A Direção-Geral da Saúde recomenda ainda às pessoas que viajem para as regiões afetadas da China para que "evitem contactos próximos com pessoas que sofram de infeções respiratórias agudas", que "lavem as mãos com frequência" e que, no caso de apresentarem sintomas de infeção respiratória, procurem atendimento clínico e reportem ao médico a viagem realizada.

Progressão da doença acelerou na China

Numa corrida contra o tempo para tentar travar o rápido avanço da doença no país - o presidente Xi Jinping admitiu neste sábado que a sua propagação acelerou e que a situação "é grave" - a China isolou até agora 17 cidades, todas na província de Hubei, colocando de quarentena mais de 50 milhões de pessoas.

A par disso, estão a ser construídos a ritmo acelerado dois novos hospitais junto à cidade de Wuhan, onde tudo começou há cerca de um mês, que serão destinados exclusivamente ao tratamento dos doentes com a nova pneumonia.

O primeiro dos dois novos hospitais estará operacional a 3 de fevereiro, enquanto o segundo deverá abrir portas dentro de duas semanas, segundo as autoridades de saúde chinesas.

Ao início da noite de sábado, as autoridades chinesas fizeram novo balanço revelando mais 323 novos casos confirmados, 54 vítimas e 1610 casos no total. Uma das vítimas é um médico de 62 anos que cuidou de pacientes infetados com o novo coronavírus e que faleceu neste sábado.

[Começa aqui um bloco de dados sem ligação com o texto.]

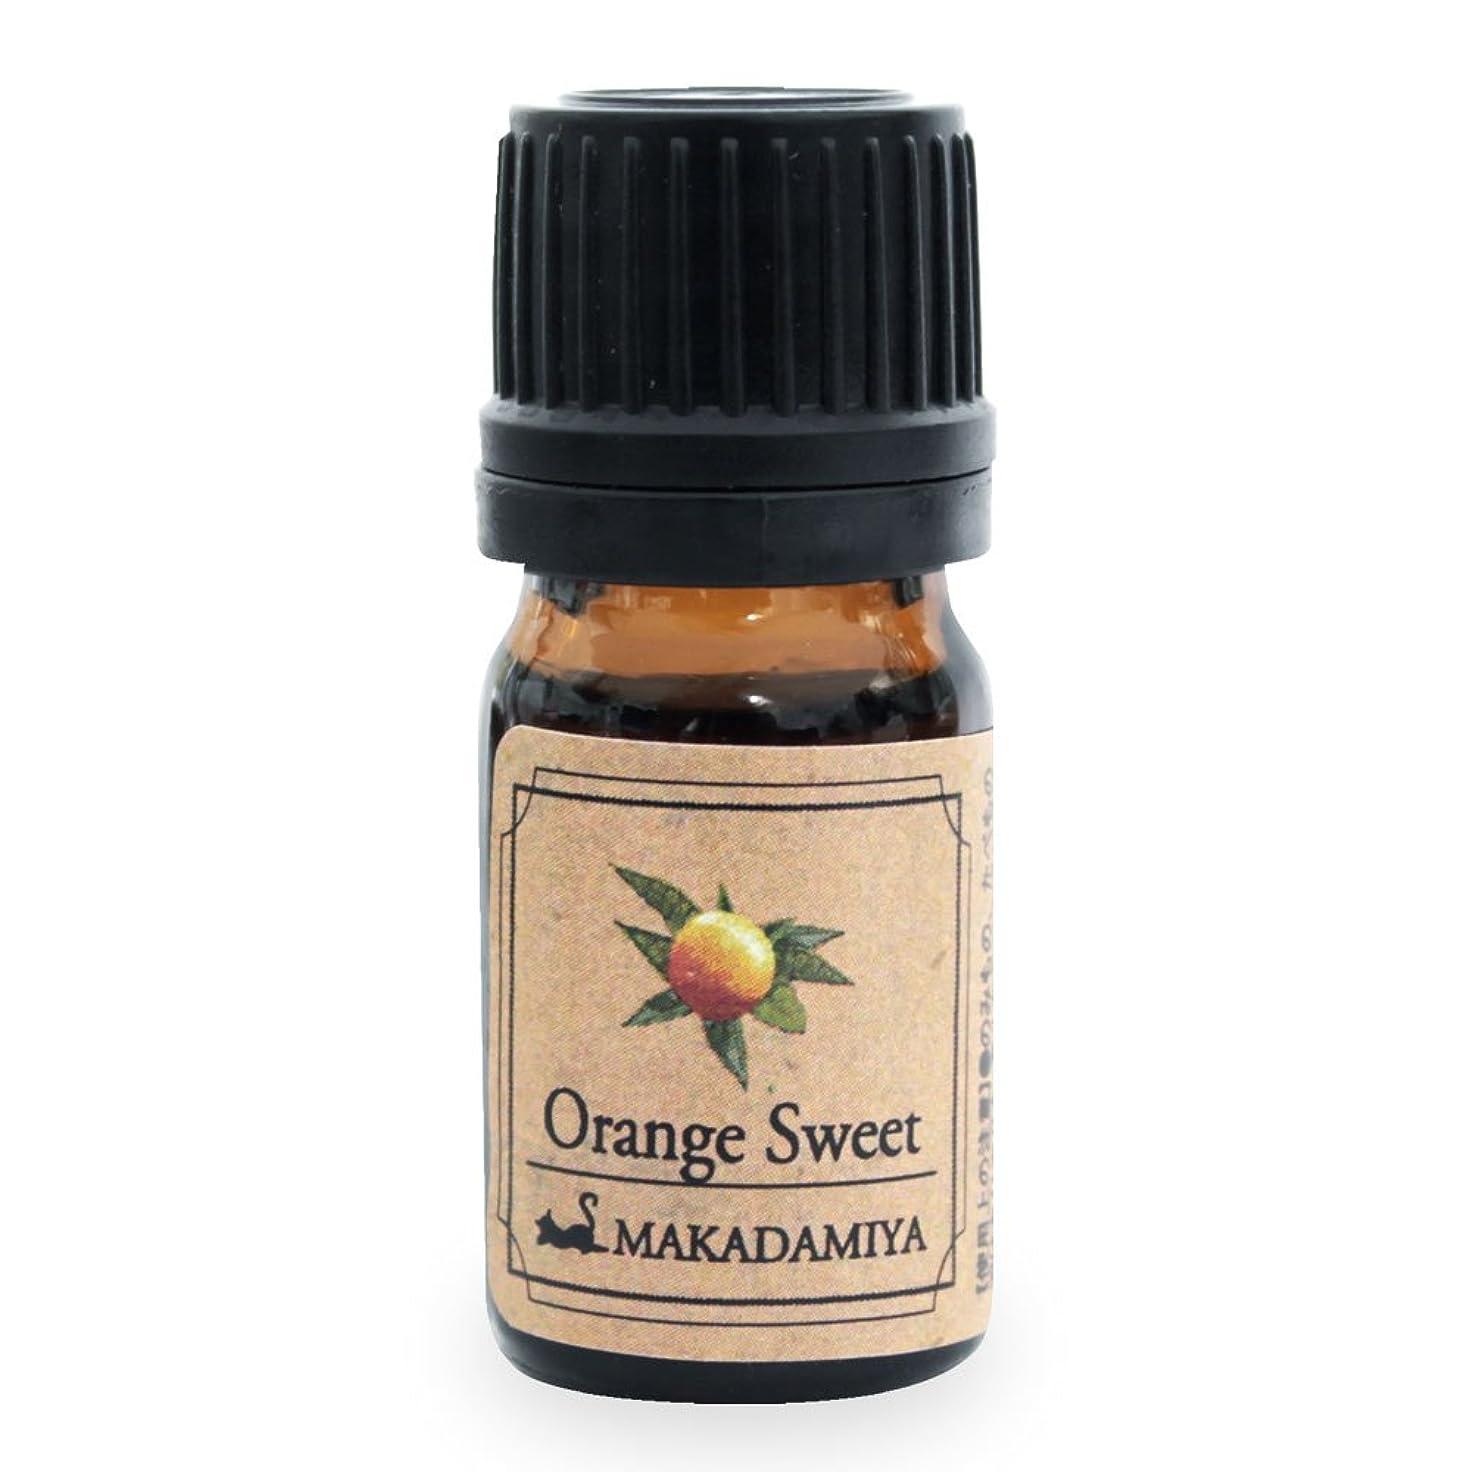 展望台ルネッサンス逆さまにオレンジ?スイート5ml 天然100%植物性 エッセンシャルオイル(精油) アロマオイル アロママッサージ aroma Orange Sweet

A presença de cidadãos portugueses retidos em Wuhan está, entretanto, a ser acompanhada pelas autoridades portuguesas que admitem a possibilidade de os retirar da cidade.

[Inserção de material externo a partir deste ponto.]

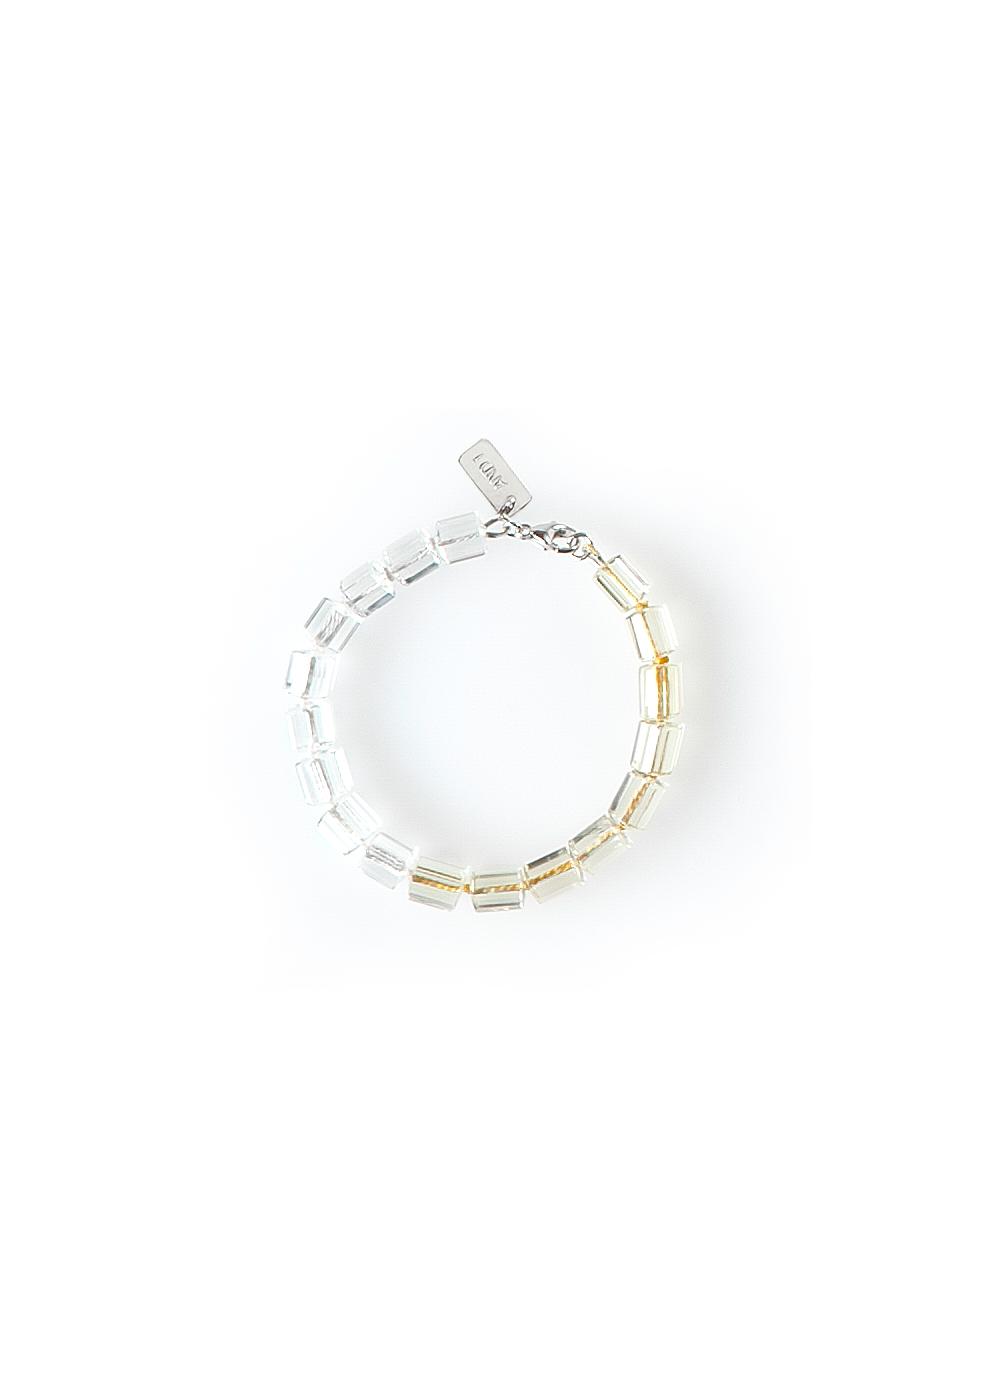 Perseids Bracelet Lemon

"Estamos em contacto com os cidadãos e a cooperar com outros países europeus para procurar reforçar o apoio aos compatriotas portugueses retidos" em Wuhan, disse neste sábado à Lusa fonte do gabinete da secretária de Estado das Comunidades Portuguesas, Berta Nunes. Um dos cenários, adiantou a mesma fonte, é o de retirar os portugueses daquela cidade, "se isso for viável à luz das regras de saúde pública".

Fora da China, 14 países registaram já casos da nova pneumonia. A maioria na Ásia, entre os quais Vietname, Tailândia, Malásia, Taiwan ou Nepal, mas também na Austrália, Estados Unidos e França.

A confirmação dos primeiros dois casos em França, nesta sexta-feira, ocorreu apenas dois dias depois de o Centro Europeu de Controlo de Doenças ter considerado "moderada" a probabilidade de o novo vírus chegar à Europa.

Animais selvagens serão reservatório do vírus

A pneumonia viral é provocada por um novo coronavírus, anteriormente desconhecido da ciência, que os cientistas batizaram como 2019-nCoV.

A sua origem é ainda desconhecida. Sabe-se que o surto emergiu a partir de um mercado de venda de peixe fresco e marisco e outros animais vivos, incluindo espécies selvagens, como morcegos e cobras, e são estes sobretudo que estão na mira dos investigadores. O mais provável é que a fonte original do agente patogénico seja uma das espécies selvagens, mas ainda não se sabe ao certo qual.

Passando a infetar os seres humanos, o vírus tem potencial para sofrer novas mutações, tornando-se potencialmente mais virulento e perigoso. É possível que seja isso que está a acontecer. O longo período de incubação desta pneumonia, que parece ser de pelo menos 14 dias, também terá contribuído para que muitos casos tivessem passado despercebidos durante demasiado tempo, o que poderá ter favorecido o contágio silencioso.